Perhaps his most controversial film was "Straw Dogs" (1971); the inevitable brutality of its protagonist, ostensibly a man of reason, offers a metaphor on the ancient bent of the human psyche vis-a-vis personal territory and blood rites. "Bring Me the Head of Alfredo Garcia" (1974), reputedly autobiographical, was a psychodrama refracted through a tequila haze, a saga of a loner/artiste who reaps the grotesque wages of sin on a desperate trek of atonement.
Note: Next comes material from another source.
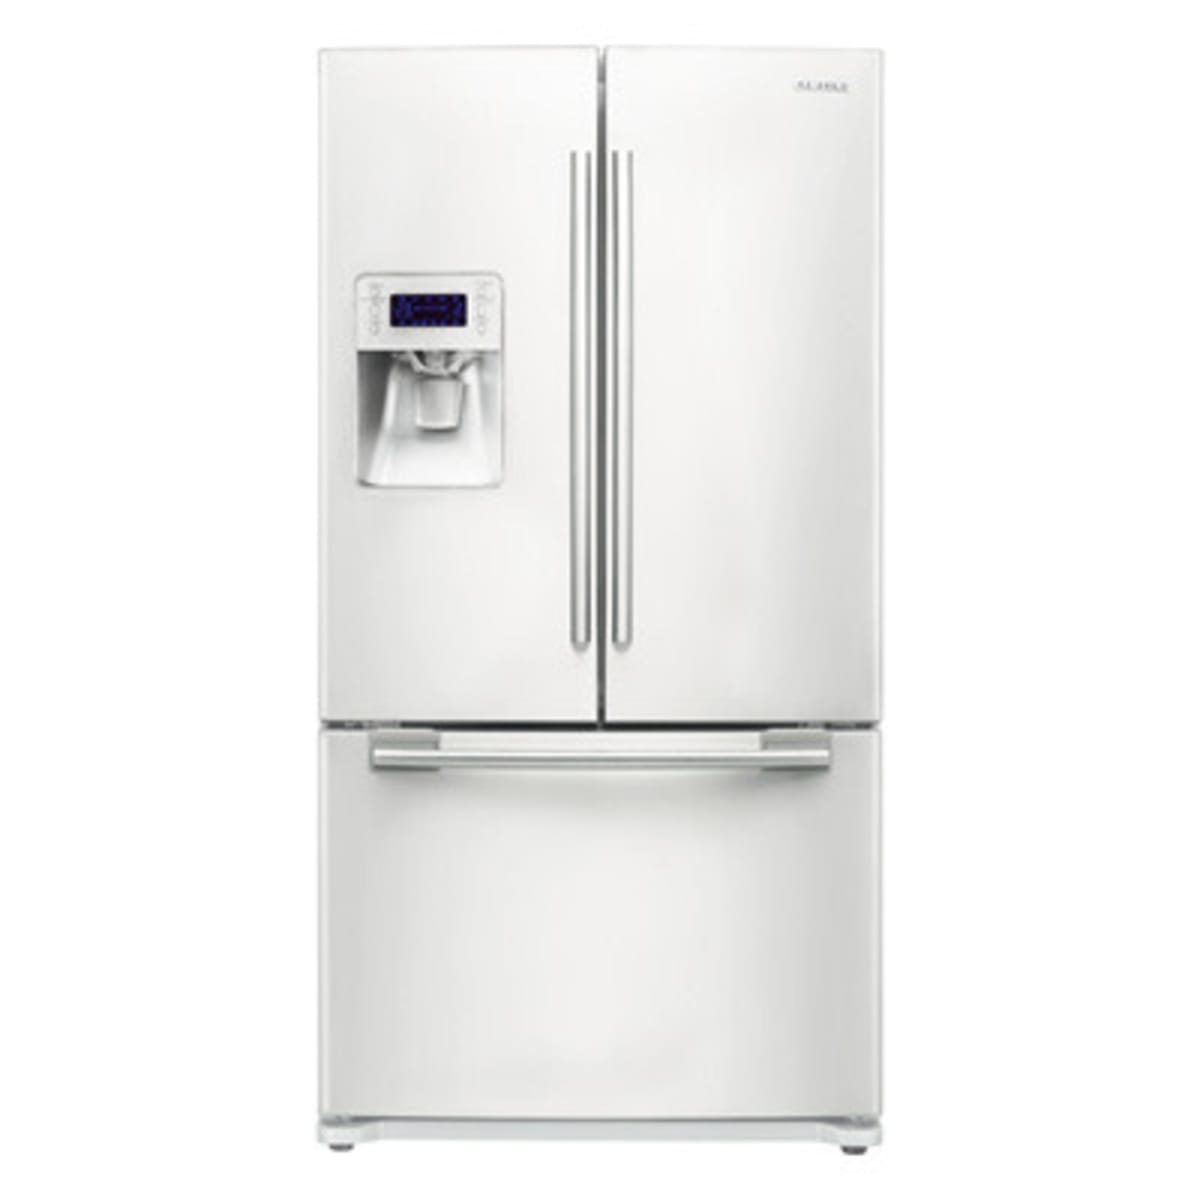 Refrigerators Reviews, Features, and Deals - Reviewed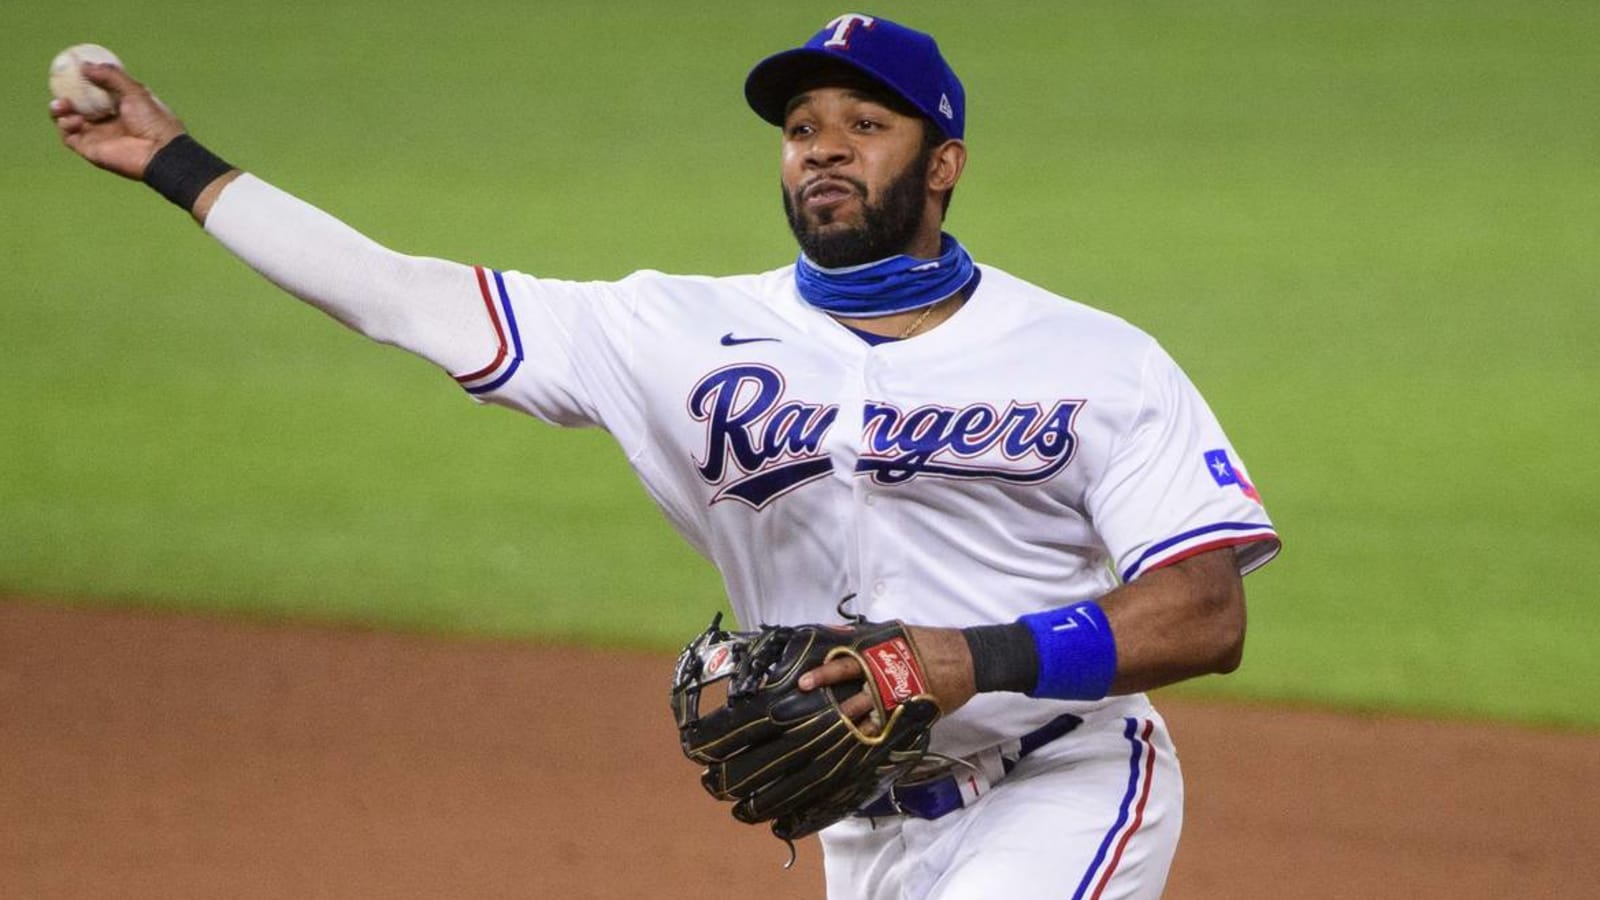 Rangers activate SS Elvis Andrus off IL, place 2B Rougned Odor on IL with eye infection

Peckinpah's distrust of policymakers was reflected in "The Killer Elite" (1975) and his last film, "The Osterman Weekend," (1983), both essays on vicious tactics and dissolute friendship in the CIA. "Cross of Iron" (1977), Peckinpah's largest production, is a fiercely edited view of World War II slaughter where the Wehrmacht wear the patented scars of his honorable killers.
Few directors have had more conflict with studio heads and producers than Peckinpah. Feuds over the content and final cuts of "Major Dundee" (after which Peckinpah was blacklisted for three years), "The Wild Bunch" and "Pat Garrett" are the stuff of Hollywood legend. Critical response to his work has often been as violent as the films themselves, with Peckinpah frequently berated for demeaning women and excessively glorifying male exploits. On an aesthetic level, Peckinpah is celebrated for his slow motion furies, first employed in a 1963 entry of TV's "Dick Powell Theater" called "The Losers," exercised to startling effect in "The Wild Bunch", but somewhat overused in subsequent work. "Cathartic violence" was a term that seemed coined to define his iconoclastic postures. In Peckinpah's Conradian scheme that mixes nobility with tragedy, all are guilty to some degree and all have their reasons. His work typically exists on a skewed moral plane between eras and cultures, with ambiguous quests for identity and redemption undertaken by hopelessly lost outcasts and enemies. He vividly defines the thin line between internal conflict and external action, and, perhaps most importantly, the violent displacement of a false code of honor (and law itself) by another more enduring and devout.
As thorny as his relationships with producers and executives were, Peckinpah could inspire extraordinary loyalty among actors and technicians. An ensemble of notable Peckinpah players would include David Warner, Warren Oates, L.Q. Jones, Strother Martin, James Coburn, Kris Kristofferson and Ben Johnson. Peckinpah also enjoyed repeated and fruitful collaborations with cinematographers Lucien Ballard and John Coquillon and composer Jerry Fielding.